- Church: Catholic Church
- Archdiocese: Archdiocese of Pouso Alegre
- In office: 16 October 1996 – 28 May 2014
- Predecessor: Giovanni Bergese [it]
- Successor: José Luiz Majella Delgado [pt]
- Previous post: Bishop of Leopoldina (1990-1996)

Orders
- Ordination: 29 June 1967 by José Alves de Sá Trindade [pt]
- Consecration: 21 April 1990 by Serafim Fernandes de Araújo

Personal details
- Born: 6 August 1938 Capelinha, Minas Gerais, Republic of the United States of Brazil
- Died: 1 April 2018 (aged 79) Pouso Alegre, Minas Gerais, Brazil

= Ricardo Pedro Chaves Pinto Filho =

Brazilian Roman Catholic archbishop (1938–2018)

Ricardo Pedro Chaves Pinto Filho (6 August 1938 – 1 April 2018) was a Roman Catholic archbishop.

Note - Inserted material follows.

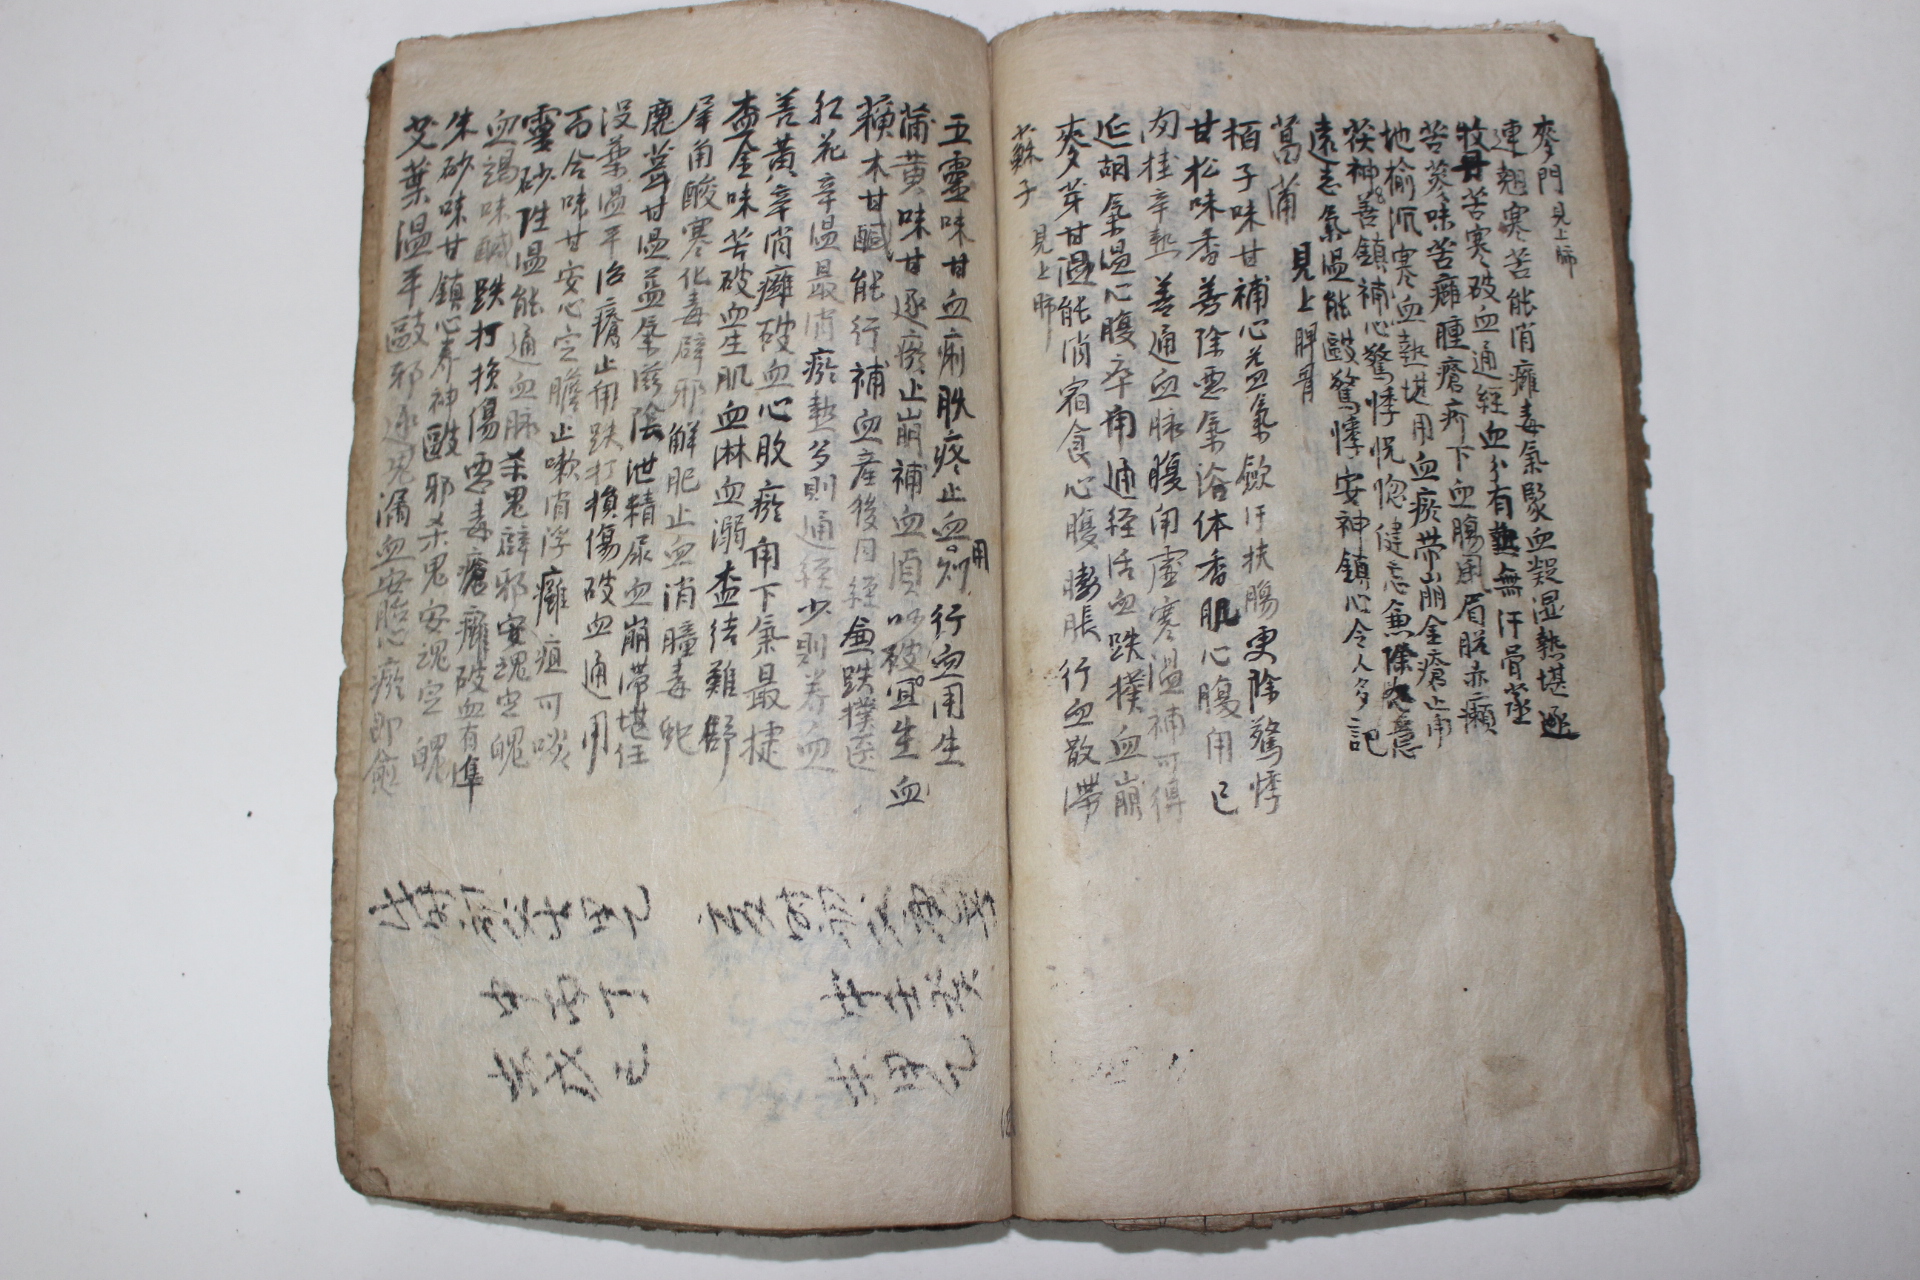 조선시대 고필사본 의서 경험두질방(經驗痘疾方)

Chaves Pinto Filho was born in Brazil. He was ordained to the priesthood in 1967. Chaves served as bishop of the Roman Catholic Diocese of Leopoldina, Brazil, from 1990 to 1996. He then served as archbishop of the Roman Catholic Archdiocese of Pouso Alegre, Brazil, from 1990 to 2014.